这件事情过后,班级里只有时姝跟时藜两人相依为命,没有人跟她们一起玩了。小时候比较要好的同村耍伴蒋龙宇等人都去城里上学了,城里的教学资源比起农村来说,相对好一点。

凡是订购书籍以及其他课外书,班长总会直接忽略,要不就坦然地说,“反正你们也没钱,问也是白问。当我是哑巴好了!”

冬天学校里生炉子,要求学生每个人至少拿一袋苞米棒子,班长直接点名命令,“像时姝她们这么穷的,就拿一袋子苞米棒混点温暖就行。”

每逢值日打扫卫生,也总是会有人拎着袋子,以乞丐的口吻讽刺地挖苦着时姝跟时藜,“嘿!丐帮姐妹,要不要这袋子垃圾?拿回家可以卖钱!”

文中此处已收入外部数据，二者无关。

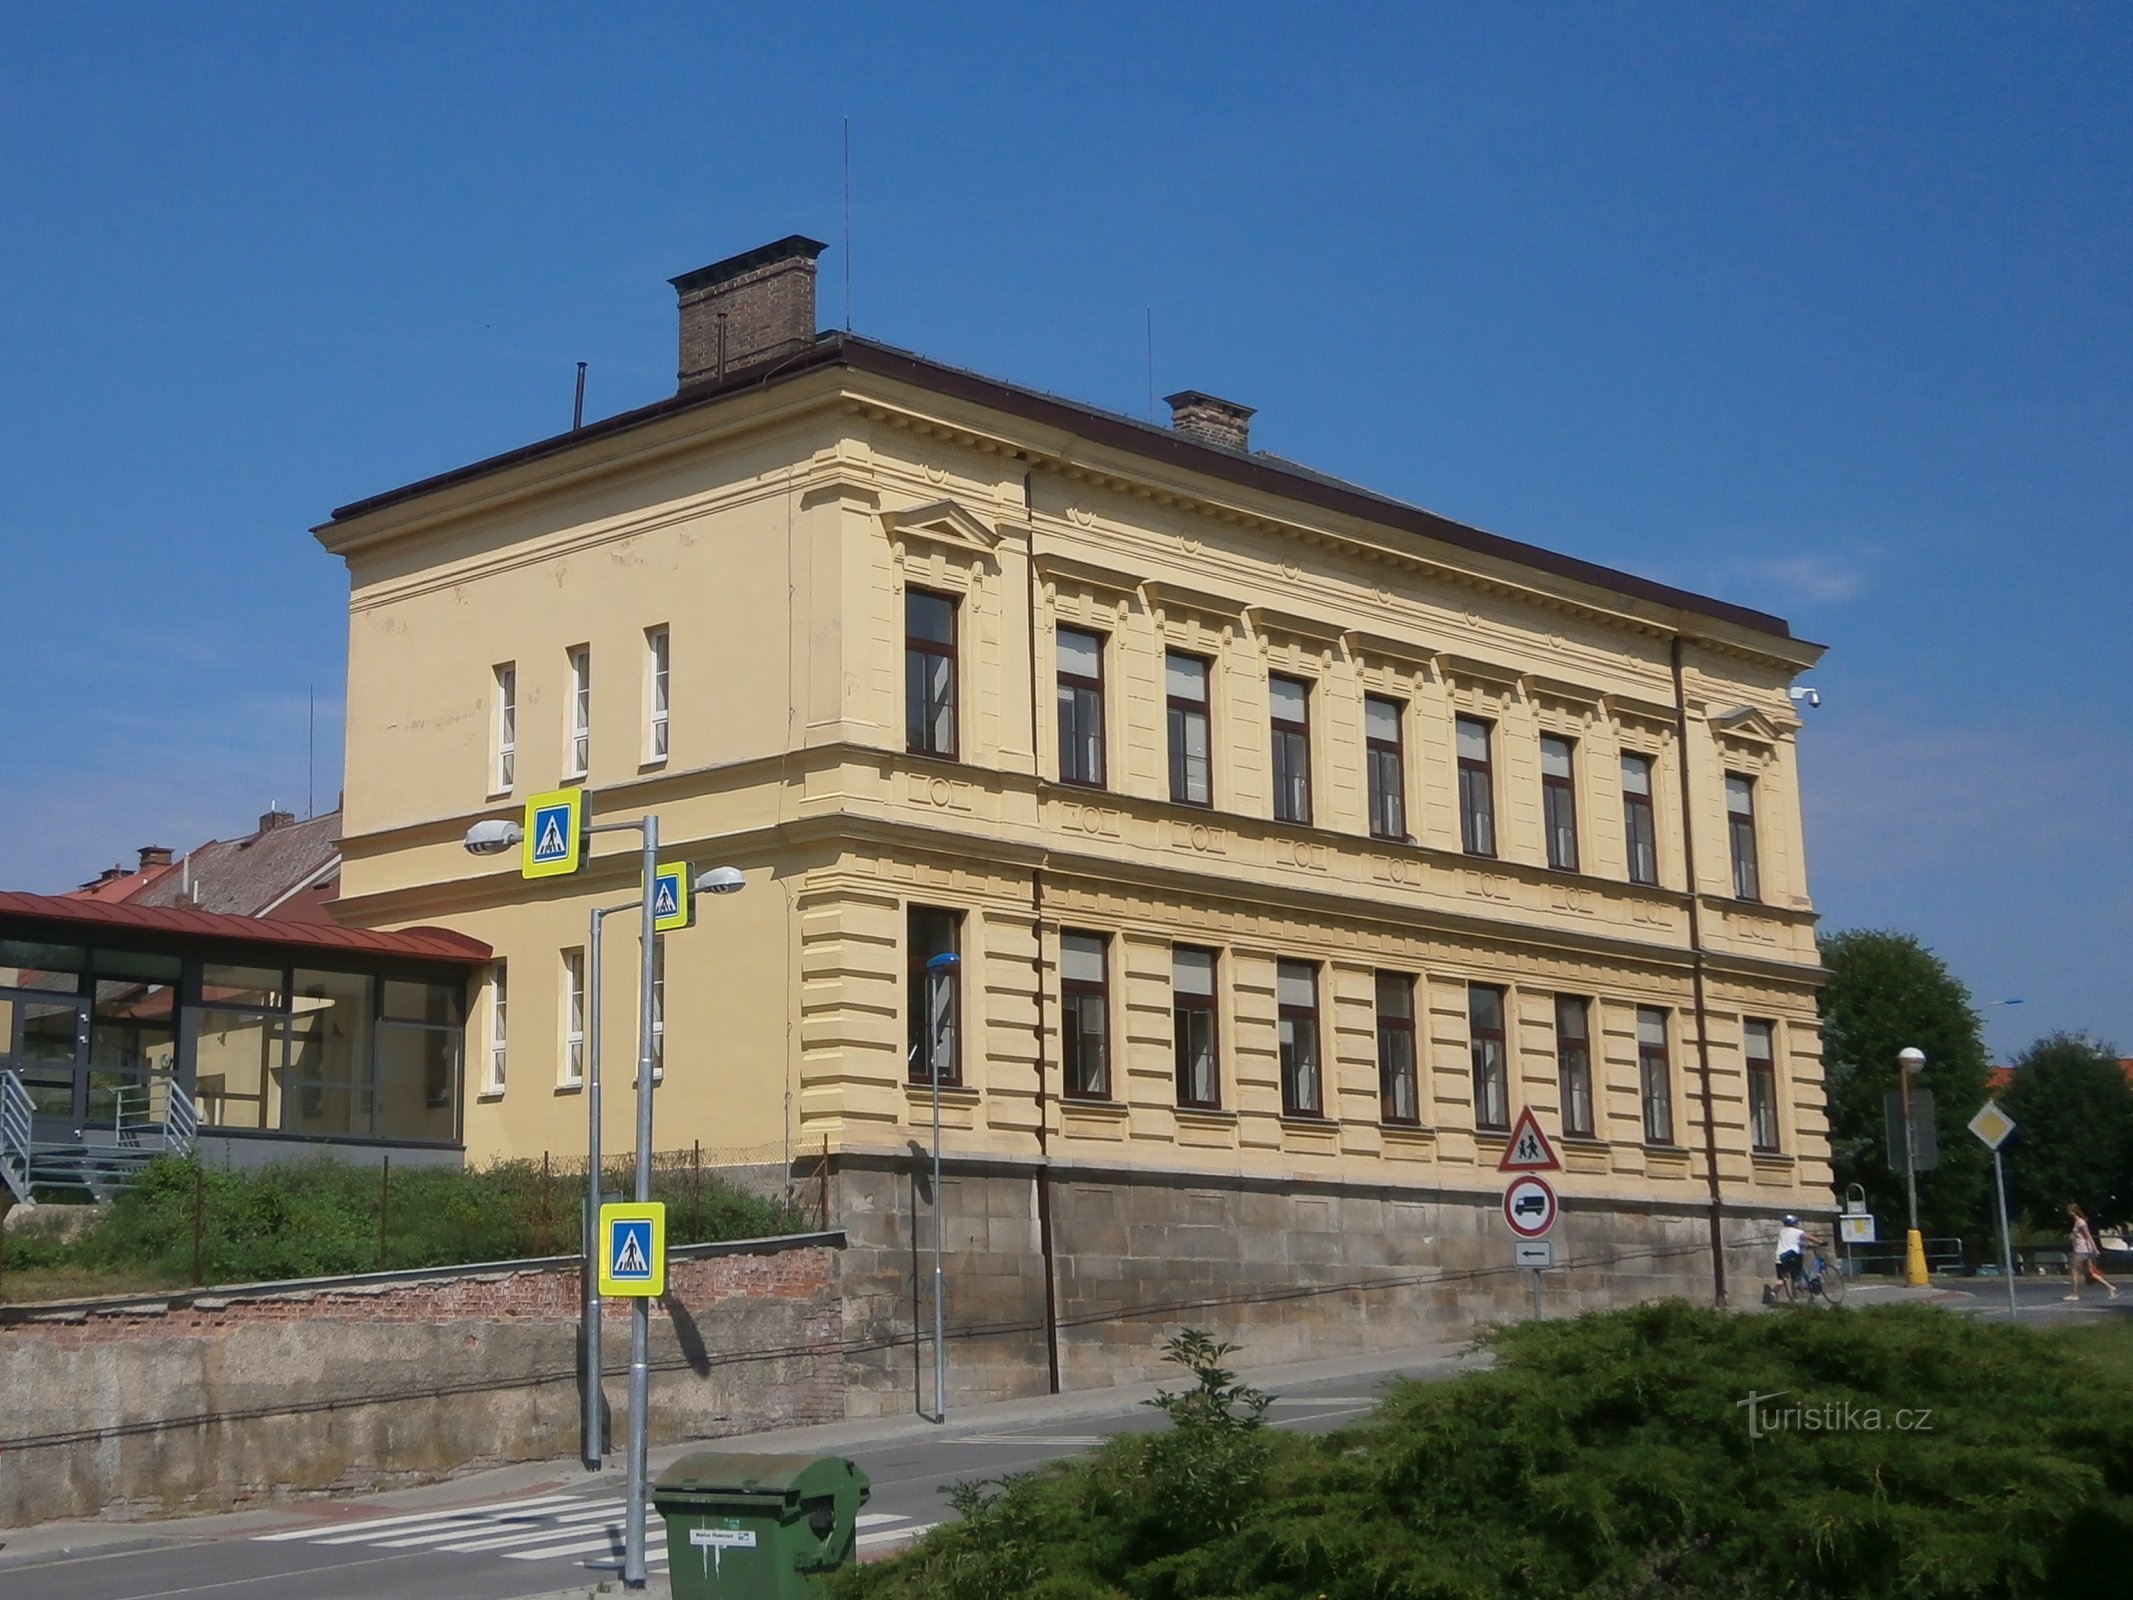 Antigua escuela municipal n.° 43-44 (Česká Skalice, 5.7.2017 de julio de XNUMX)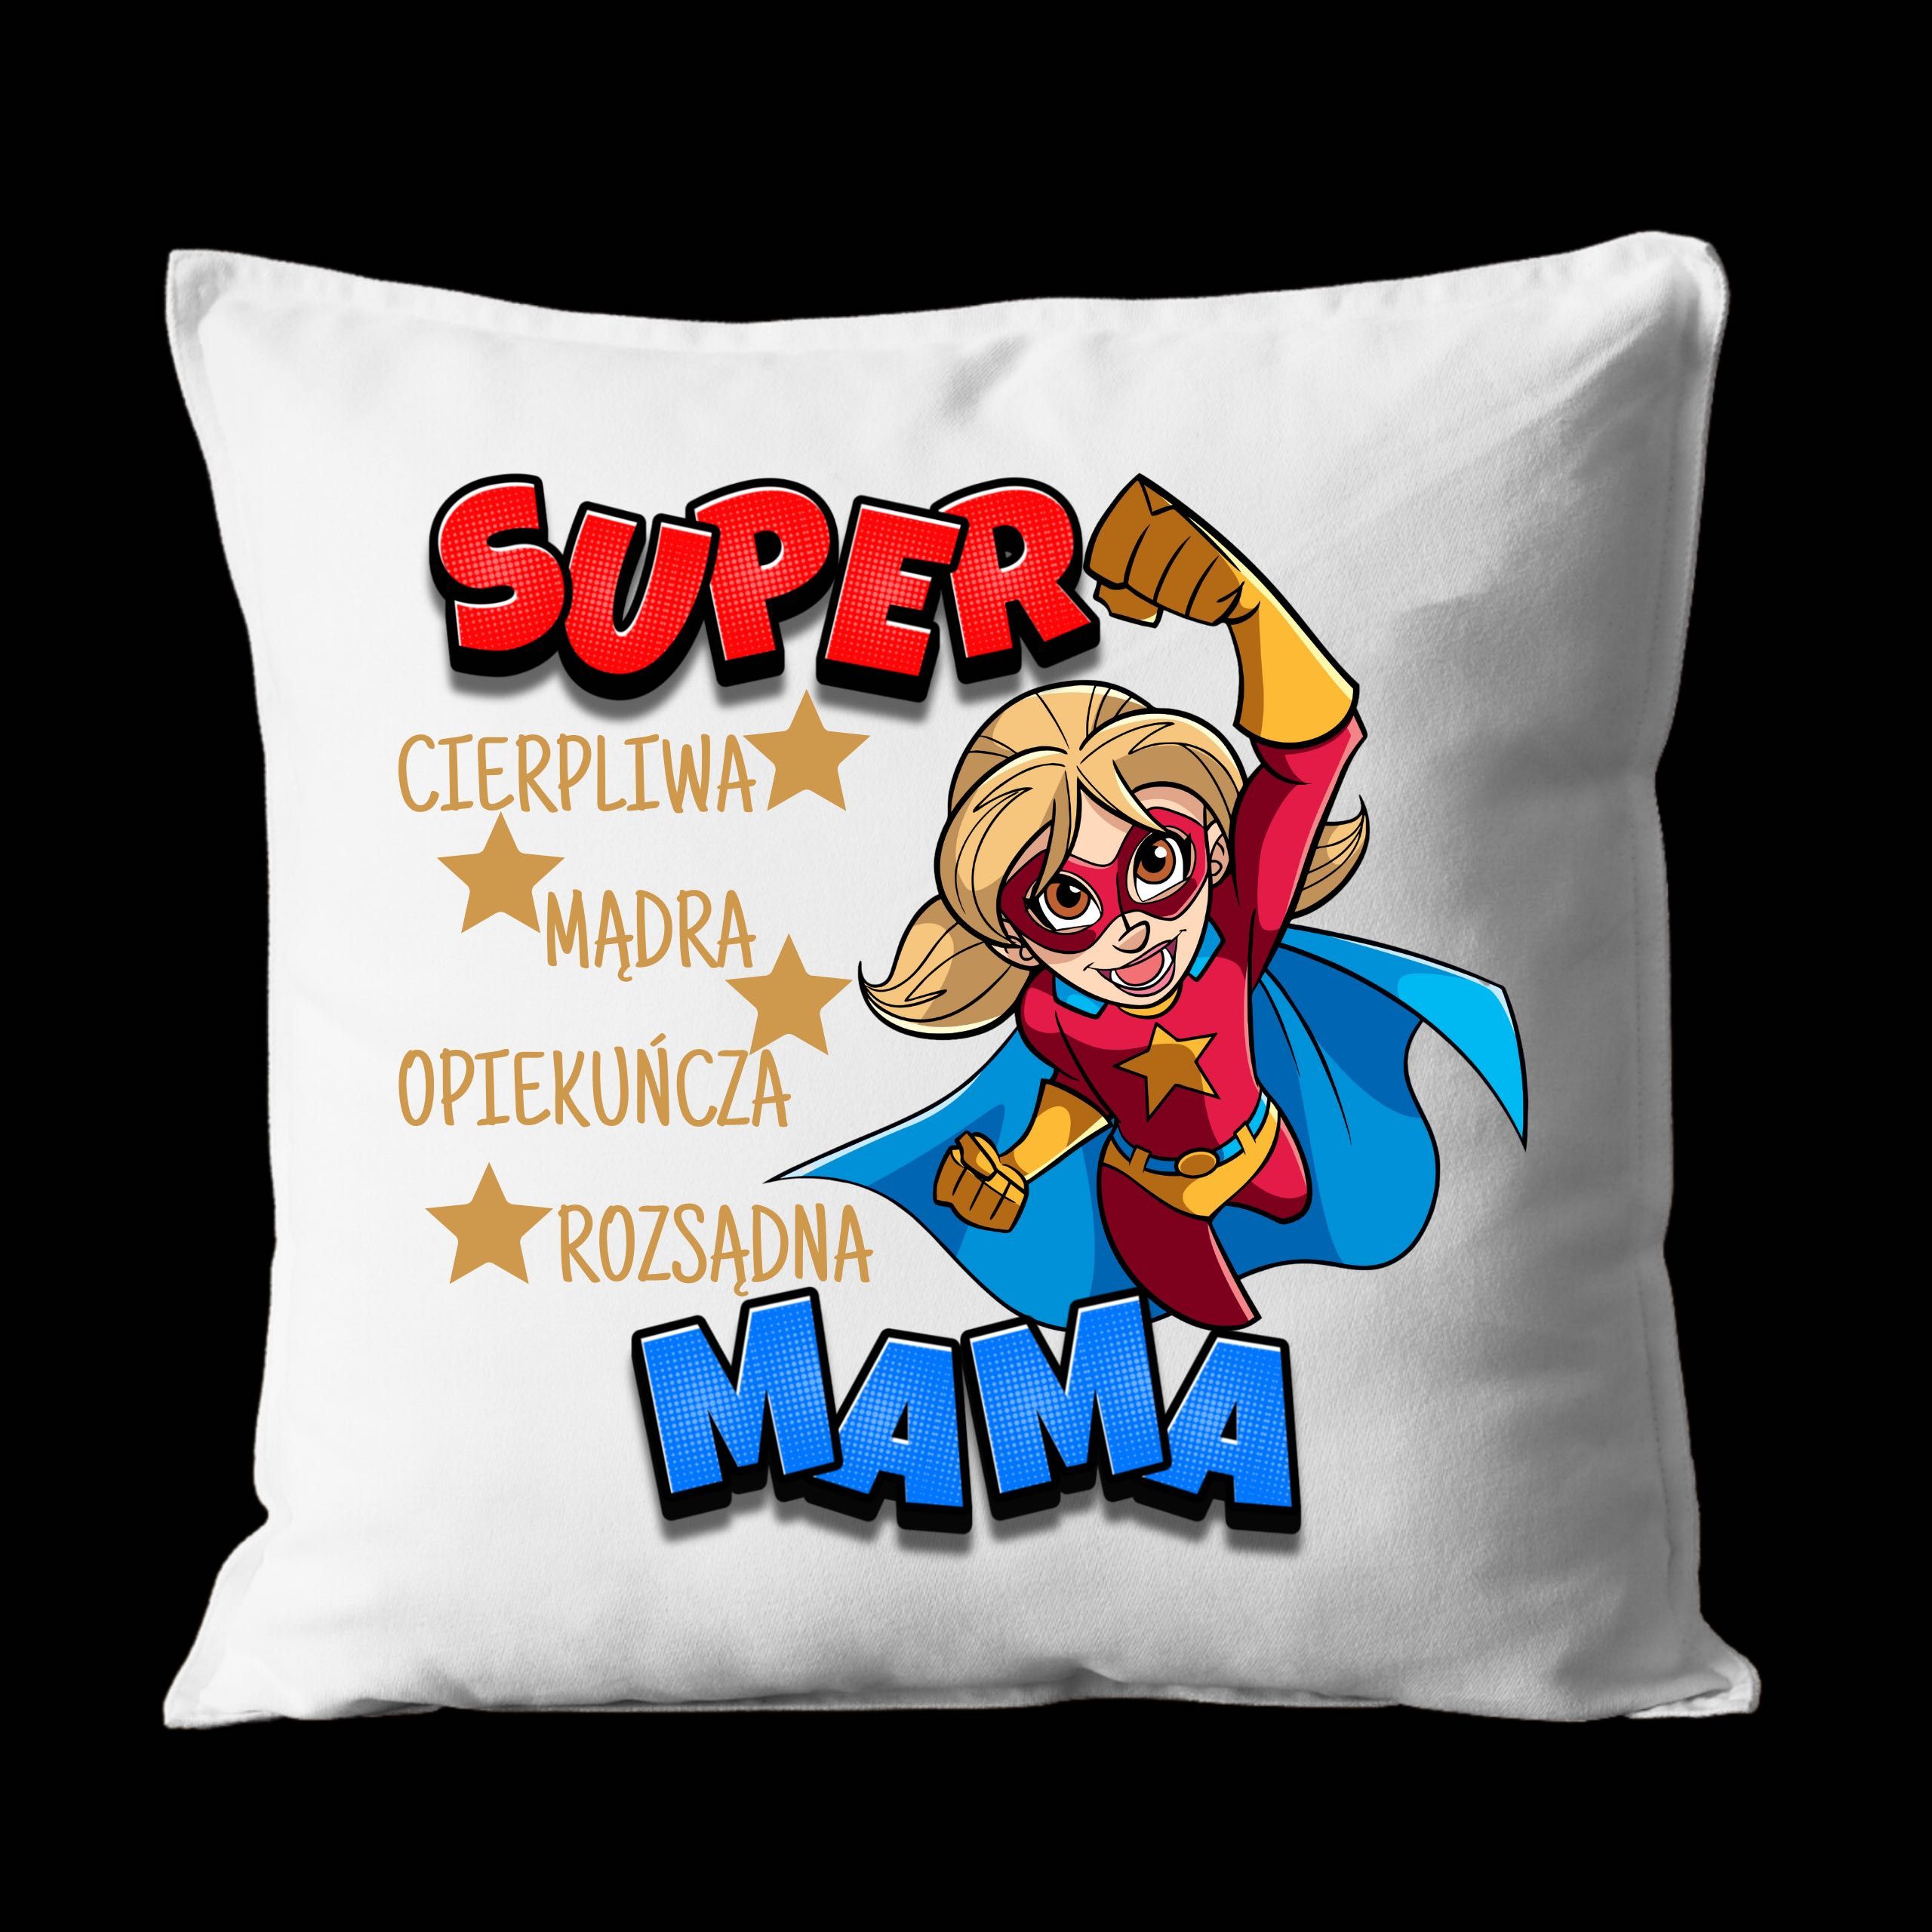 Zestaw na dzień matki kubek + poduszka dla mamy SUPER MAMA PREZENT

可能就是这样满是脏言脏语的环境,导致时姝的忍耐达到了极限,在同班同学不断挑衅下,她发起了暴击。

那是一个夏天的上午,她在上体育课。

令人烦的同桌朱某总是在念叨,别人借书都是用其他的东西换,时姝手里没有《七龙珠》换取,那是占人便宜;嫌弃时姝的鞋太破,磕碜,跟他的鞋子一个色,男生专属;咒骂前桌王某丢失的钢笔是时藜偷得;吐槽时姝美术课的毛笔不是新的,还攥在手里耀武扬威,声称要替前桌王某伸张正义,并且威胁时姝,时藜拿不出钢笔,就折断她的毛笔。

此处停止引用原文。